The dcdbslurmjob tool accepts two main commands, which are *start* and *stop*: the *start* command is invoked whenever
a new job must be inserted into the database (either at submission time, or at start time), whereas the *stop* command
is invoked to update the end time of an existing job with a specific ID. 

There are two modes of transport for the dcdbslurmjob tool: if the *-b* argument is specified, the tool will attempt to
connect to the MQTT broker at the specified host, and transmit the job's information as an MQTT packet. On the other hand,
if the *-c* argument is used (optionally with the *-u* and *-p* arguments to specify a username and password respectively), 
the tool will attempt to connect directly to the Apache Cassandra instance at the specified host.

> NOTE &ensp;&ensp;&ensp;&ensp;&ensp;&ensp; While the dcdbslurmjob tool was designed primarily for HPC jobs orchestrated by
the SLURM resource manager, it is general enough to be applied to other environments as well.

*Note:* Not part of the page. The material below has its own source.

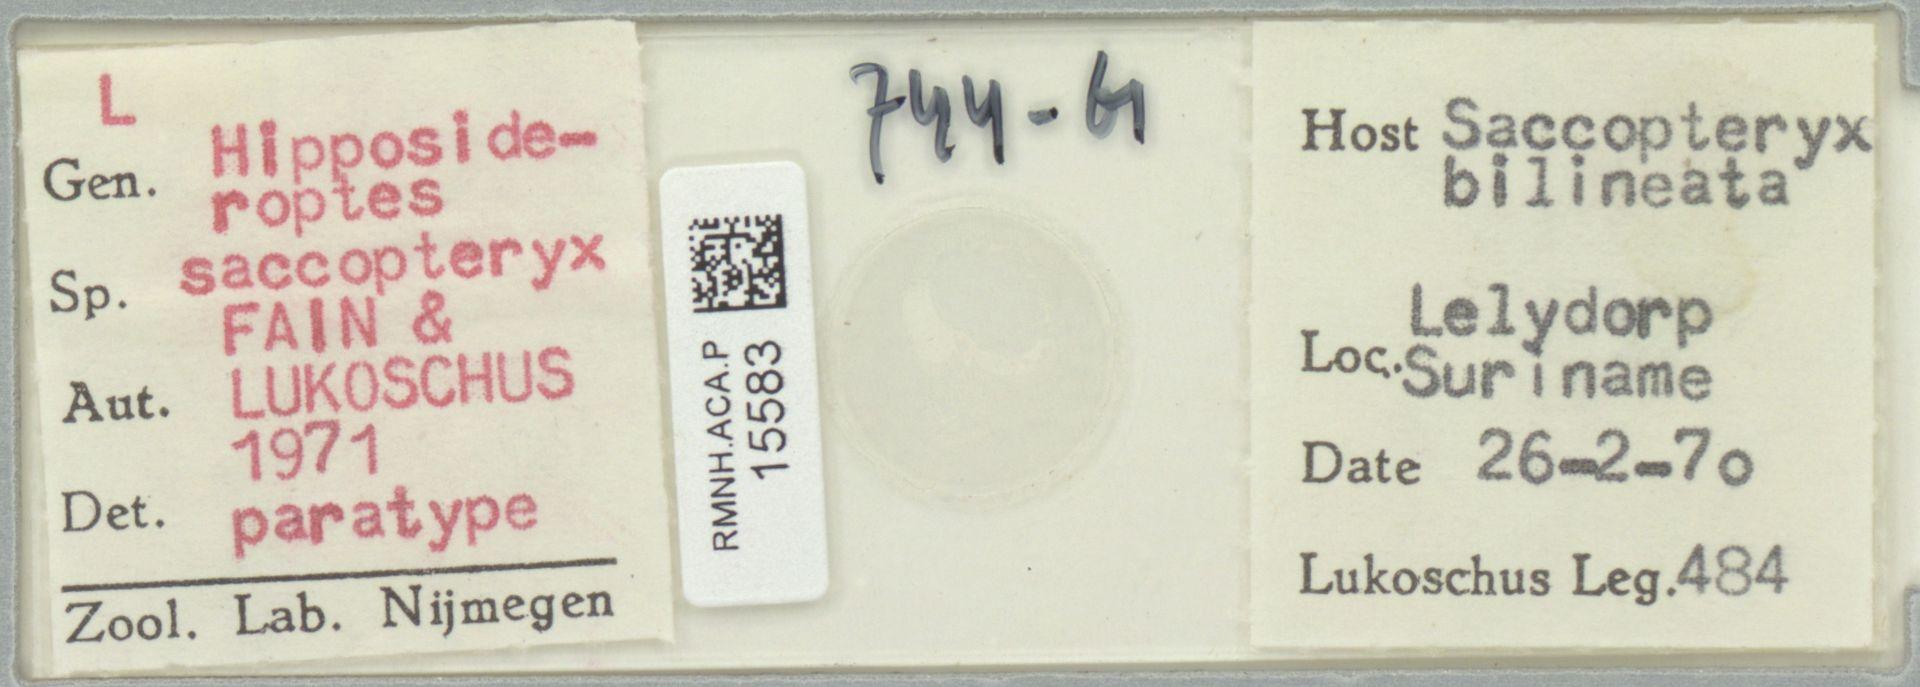 RMNH.ACA.P.15583   Hipposideroptes saccopteryx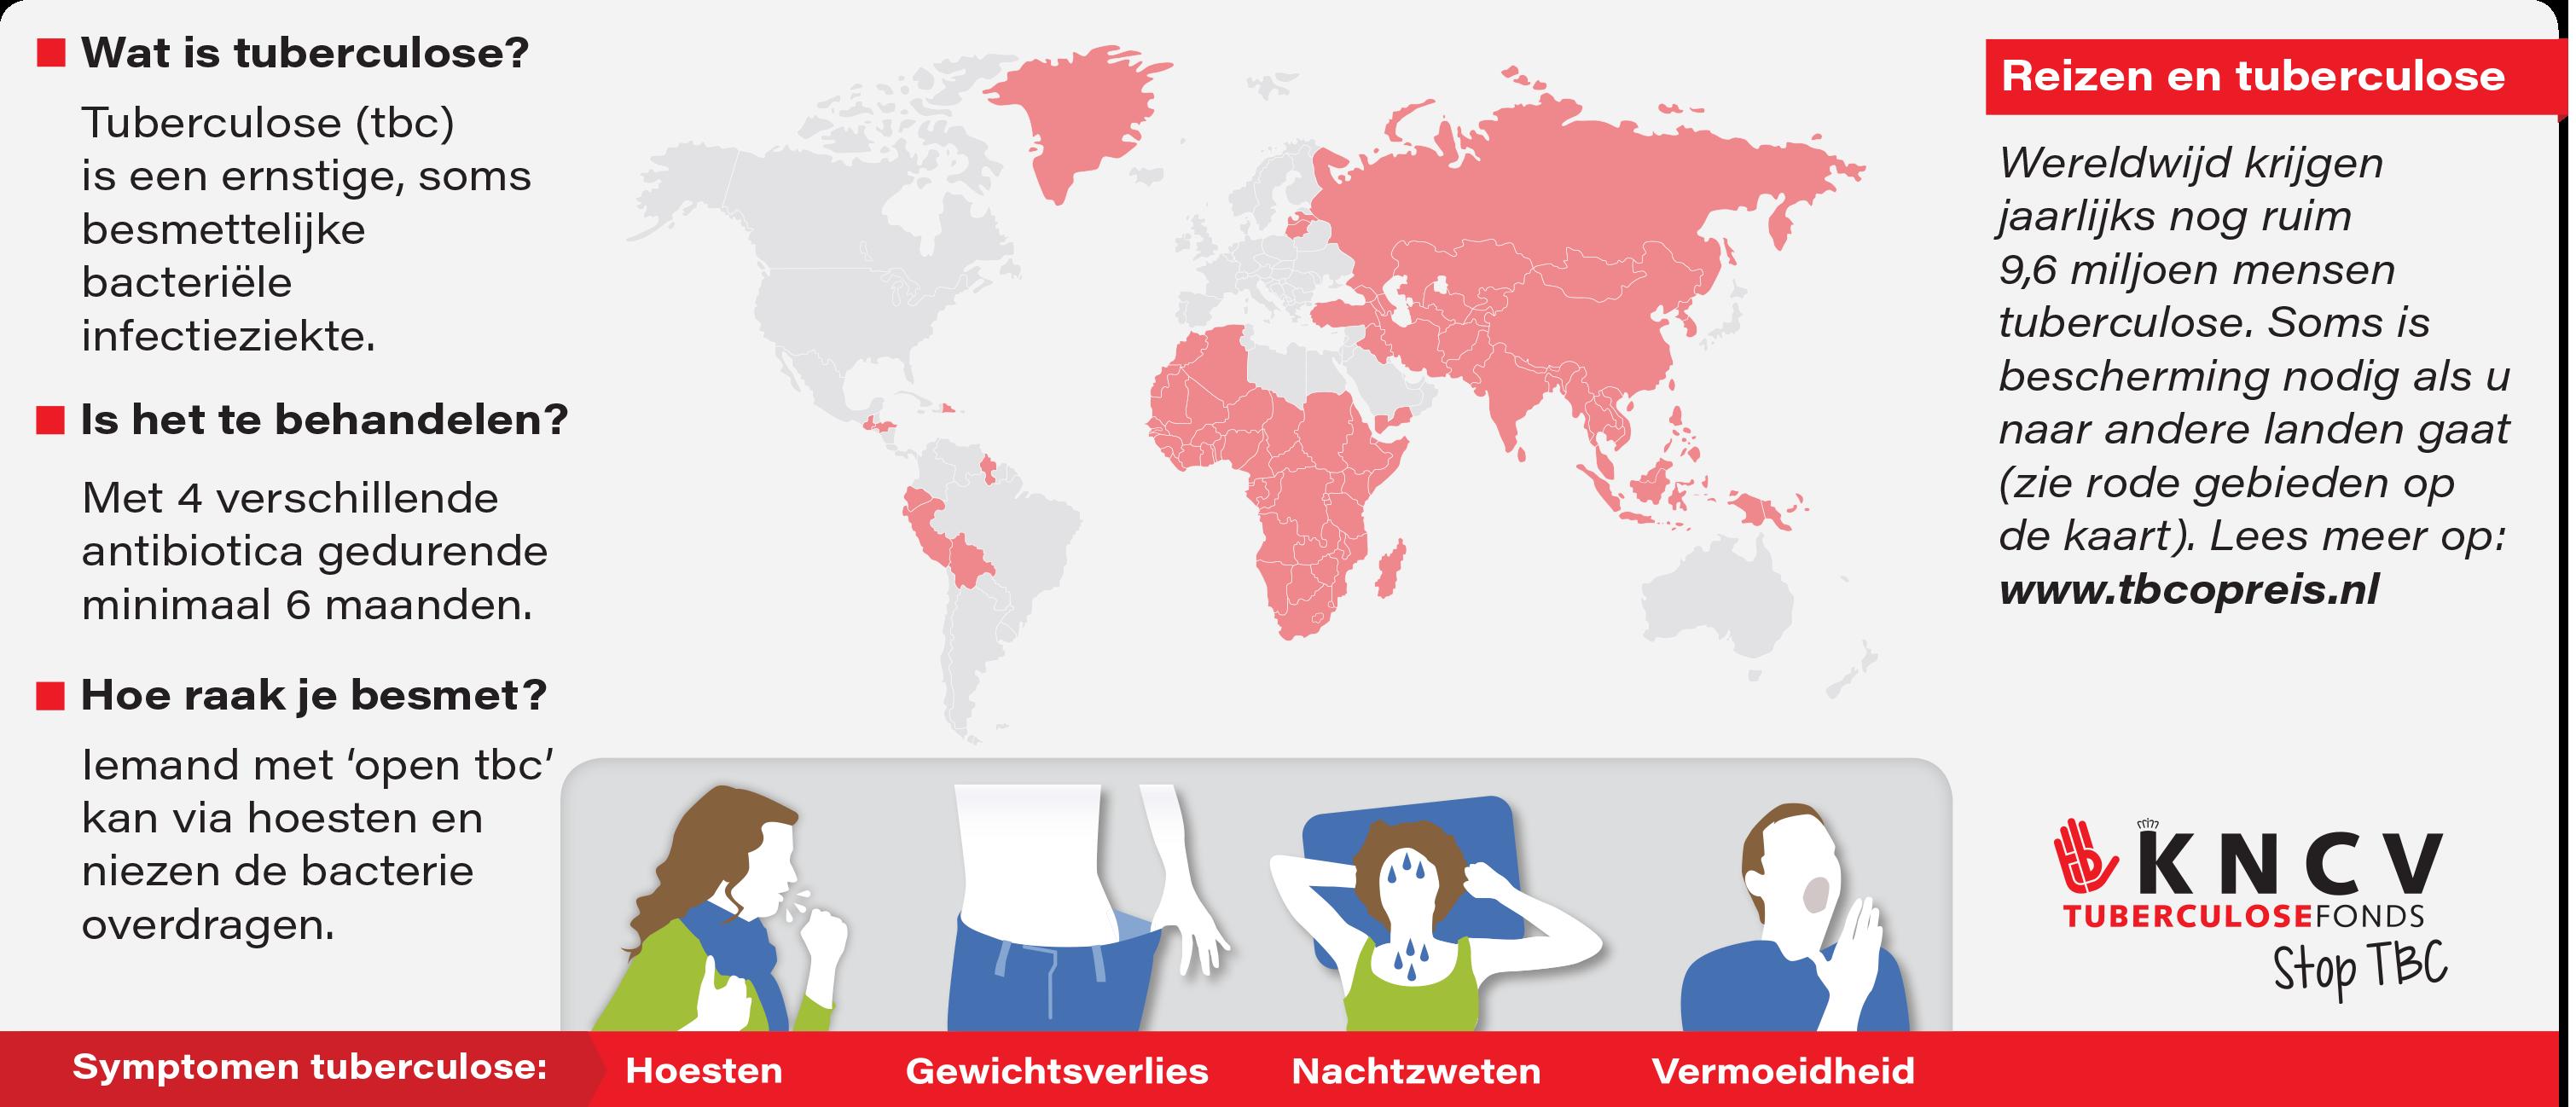 Reis Infographic Kncv Tuberculosefonds

## Examples <a name="dcdbslurmjobexamples"></a>

Inserting a new job into the database for the first time, by connecting directly to Cassandra: 

```bash
dcdbslurmjob -c 127.0.0.1 -j 675222 -i po977yfg -n "/mpp3/r03/c05/s06/,/mpp3/r03/c05/s02/" start
``` 

Sample output:

```
dcdbslurmjob 0.4.135-gb57cedf

Connected to Cassandra server 127.0.0.1:9042
JOBID    = 675222
USER     = po977yfg
START    = 1596543564693158000
NODELIST = /mpp3/r03/c05/s06/,/mpp3/r03/c05/s02/
SUBST    = 
NODES    = /mpp3/r03/c05/s06/ /mpp3/r03/c05/s02/
``` 

---

Stopping the same job and setting its end timestamp:

```bash
dcdbslurmjob -c 127.0.0.1 -j 675222 stop
``` 

Sample output:

```
dcdbslurmjob 0.4.135-gb57cedf

Connected to Cassandra server 127.0.0.1:9042
JOBID = 675222
STOP  = 1596543717613674000
``` 

# Other Tools <a name="othertools"></a>

Other tools, which are not covered in this document, are supplied with DCDB for specific use cases. These
are the following:

* *dcdbunitconv*: a simple unit conversion tool for sensor data values.
362
* *dcdbcsvimport*: allows to convert and insert CSV sensor data into an Apache Cassandra database.